# Stop my dog breaking into our room at night and jumping on the bed!



## sunflowerem (Jan 19, 2009)

Hi,
We have our dog about 18months (he is 3.5) now and he's very well behaved until recently. In his defense we did start to let him on the bed at weekends etc but now this has turned into every night. 
He will jump - open the door and jump on the bed. When we move him out and close the door he will just do this again. We have started putting things like laundry baskets etc in front of the door so he cant open it but then he whines outside the door... this is only a quite recent thing and i'm not sure if we are tackling it in the right way - any advice would be great - thanks a million.


----------



## myminpins (Dec 20, 2008)

Crate him at night.


----------



## sunflowerem (Jan 19, 2009)

Hi, to be honest i'm not too sure about crating. 
I know we have tried to confine him before but he freaks out and this led to him actually injuring himself trying to get out of his run so i'm reluctant to do this again.


----------



## rosemaryninja (Sep 28, 2007)

Instead of a crate, what about confining him to an X-pen or a smaller dog-proofed room at night?


----------



## Acadia (Aug 6, 2008)

I agree with the idea of confining him in an enclosed room, like the kitchen or the washer room or someplace like that.


----------



## jesirose (Mar 27, 2008)

Dogs don't know our days of the week. Letting him on the bed on the weekends then trying to keep him off the other days is WAY too confusing for a dog. You're changing the rules without telling him.

You can let him sleep with you but only after you've taught him a command to get off and stay off! Teach him to enjoy sleeping in his bed next to yours first, then you can teach him a command to get on the bed. However if you keep changing it up it will confuse him. 

He's not misbehaving, he thinks the rules allow him to get on the bed since for a while he was allowed, see?


----------



## WalkerDog (Jan 19, 2009)

Is he able to open the door when it's fully shut, or does it just not fully shut?

Crate training should be done slowly so the dog DOESN'T freak out. Don't just shove him in there and shut the door for the night. A large room might be better for confinement.

If he's able to open doorknobs, try those child-proof things you attach to the knobs so you have to squeeze them to open them. 

If the door is just loose enough to be shoved open, find a way to keep it shut!

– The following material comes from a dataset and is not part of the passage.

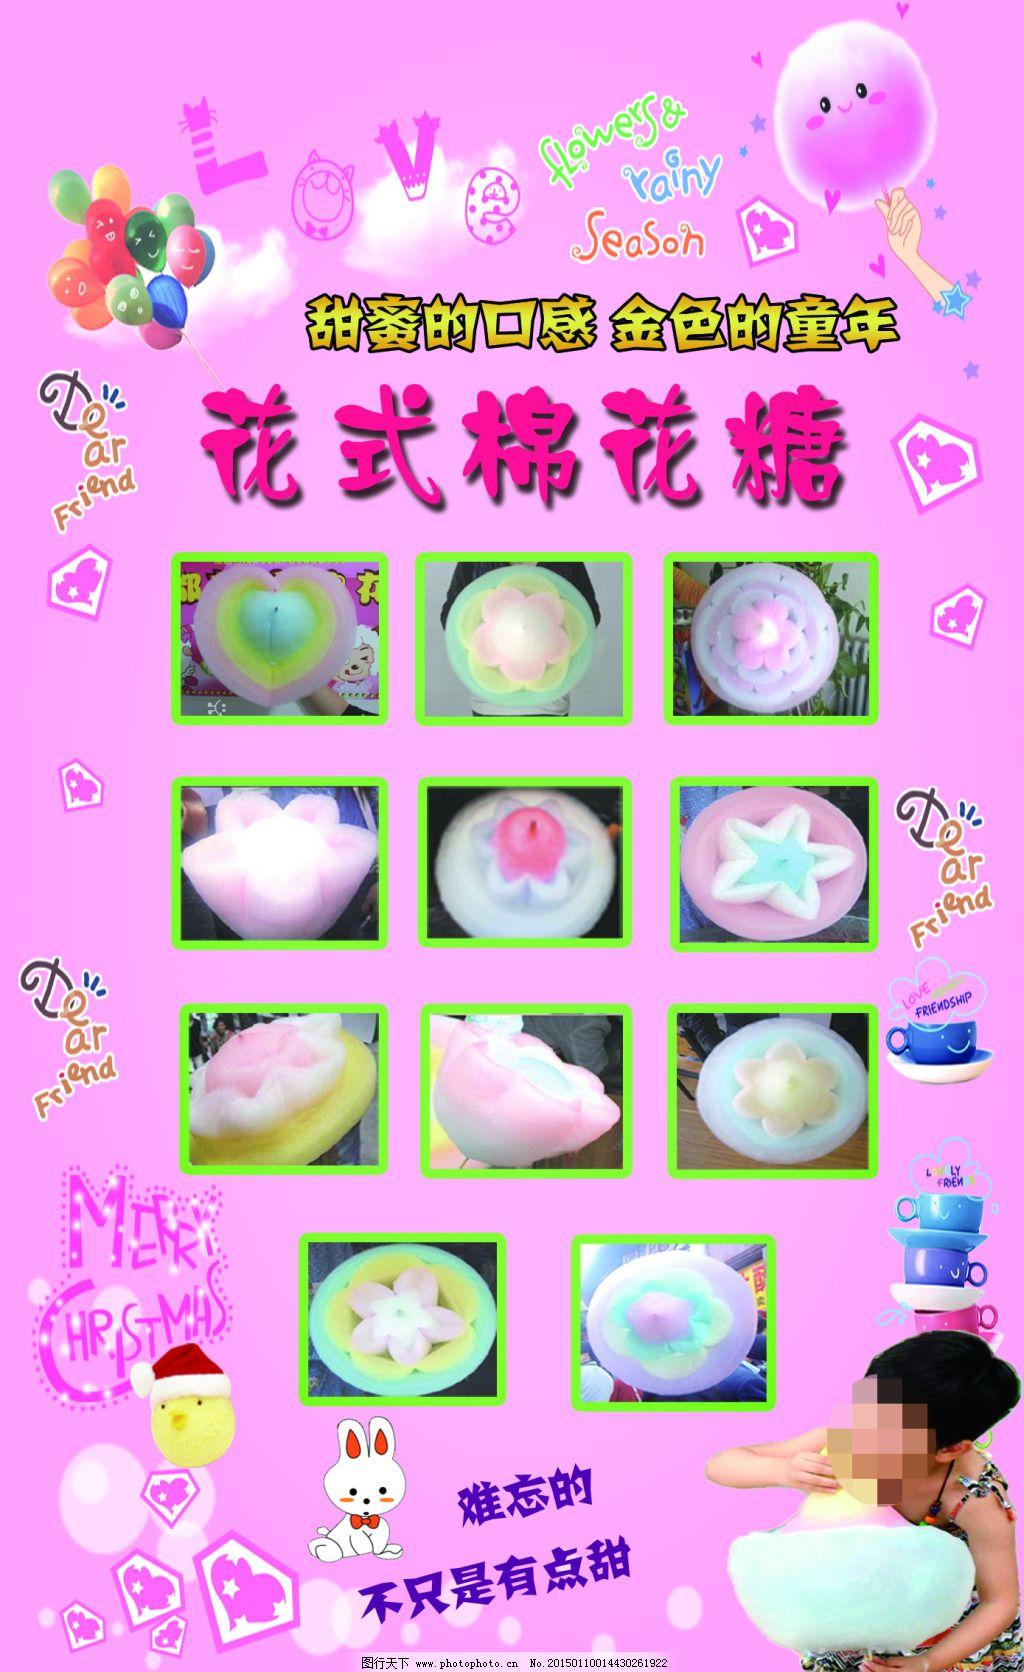 棉花糖免费下载 psd 广告设计 蓝色背景 棉花糖 人物图片 棉花糖图片

And be consistent with what you allow! Unless you want to take the time teaching specific commands ("up" and "off"), don't ever allow your dog on your bed if you want this to stop.


----------



## sunflowerem (Jan 19, 2009)

Hi all, thanks for the tips. I actually used the tinfoil trick I read on another post (I put tinfoil in front of the door and on the handle) and last night he never came near the door. Fingers crossed it keeps working

We have decided now that he is just not allowed into the bedroom at anytime as we were being unfair allowing him in sometimes and not others.


----------